In a previous post you saw the process we went through to mark out the mountain chicken release site and construct our trial ponds.  This update explores the next step, increasing the temperature of the environment!

One thing we must do before we can successfully reintroduce the mountain chicken back to Montserrat, is to find a way in which we can control the deadly chytrid fungus that caused the near extinction of the species back in 2009.  This is something that we have been working on extensively during this first phase of the project.

Our solution involves raising the temperature of the release site out of the range suitable for the chytrid fungus.  Tests in the lab have shown us that chytrid begins to die at temperatures exceeding 28 degrees celsius; with this knowledge in mind we have begun to adapt the environment around the release site to raise the temperature beyond the threshold at which chytrid can survive.  In order to do this the first series of initiatives we have been trialing have focused on utilising a great natural resource of the Caribbean… the sun!

To date we have trialed 3 methods utilising the power of solar radiation:

1. Canopy Removal

This method focuses on maximising the amount of sunlight reaching the lower levels of the forest.  These areas usually act as a cool damp retreat, perfect for chytrid fungus to survive in, however by removing portions of the canopy we can increase the amount of solar radiation reaching these areas and with it the temperature. Below you can see a before and after image of the canopy removal at our trial site.

These areas should act as SAFE Havens for the mountain chicken, helping to reduce their risk of acquiring the fungus and acting to treat those already infected.  These areas of increased solar radiation also enable us to implement other solar heating methods.

2. Solar heated ponds

Cool water systems usually act as a reservoir for chytrid fungus, offering the perfect environment for it to replicate in.  This problem is further exacerbated by the fact that frogs infected with chytrid spend more time bathing in order to help their bodies cope with the increased pressures put on them by the fungus.

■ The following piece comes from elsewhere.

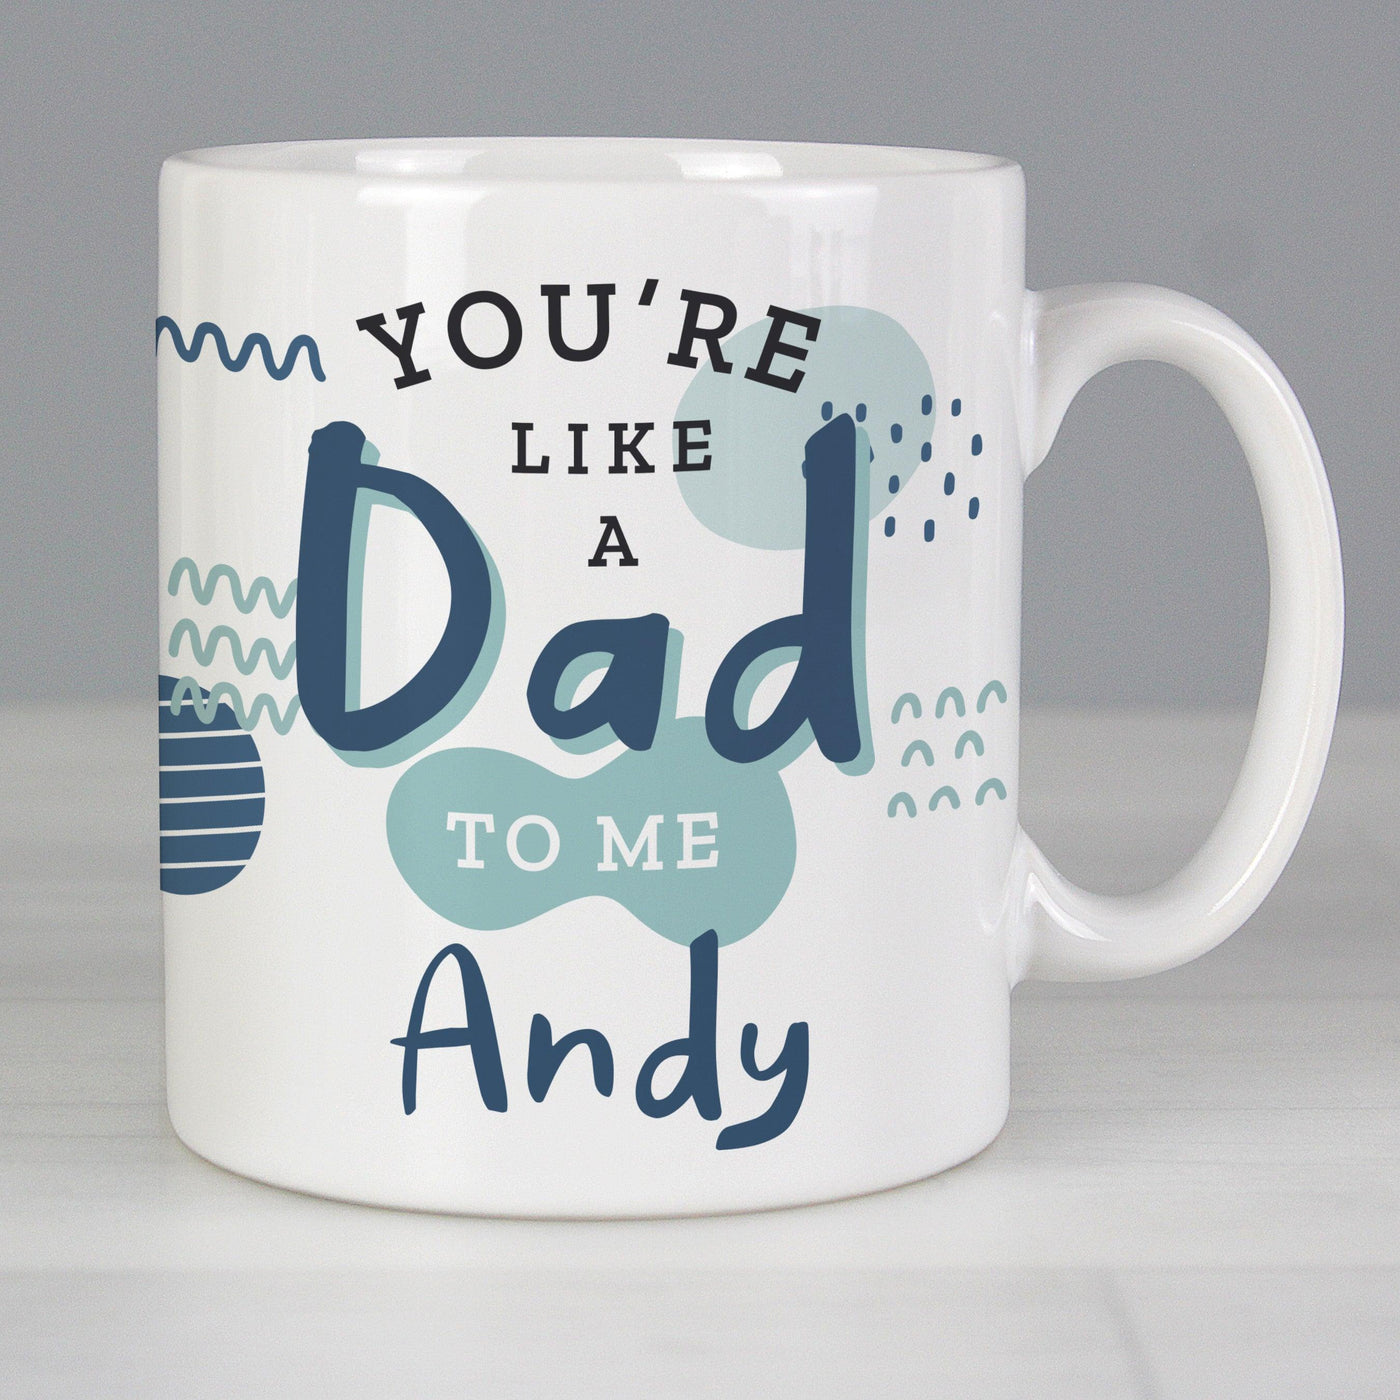 Personalised Like A Dad To Me Ceramic Mug - Shop Personalised Gifts

By raising the temperature of the ponds we should be able to:

a) remove chytrid fungus from the heated standing water systems

b) provide an area where amphibians infected with the fungus will spend more              time bathing, increasing their body temperatures,  which will in turn actively act to reduce the amount of chytrid they carry.

So far we have installed and trialled two methods to heat the ponds, both of which can be seen in the pictures below:

On the left a series of painted corrugated steel sheets semi-submerged in the pond and on the right a pump system powered by a solar panel, which acts to feed water from the pump into a solar heating mat.  Optimisation of these heating methods is still ongoing, with larger trees being removed to increase exposure time to solar radiation.  You can see a video of the solar pump system in action below!

 

 

 

4. Providing basking sites

Those of you with keen eyes will have noticed the large boulders around each of the ponds in the pictures above; they are there to act as basking sites for the mountain chickens.  Just like reptiles amphibians rely heavily on their environment to help control their body temperature.  This goes so far as to when they have an illness some species exhibit a behaviour known as ‘induced fever’, they’ll actively try to raise their body temperature to help their immune system fight off the infection.  This behaviour has already been observed in other amphibians suffering from chytrid and we’re hoping our mountain chickens will utilise the same technique.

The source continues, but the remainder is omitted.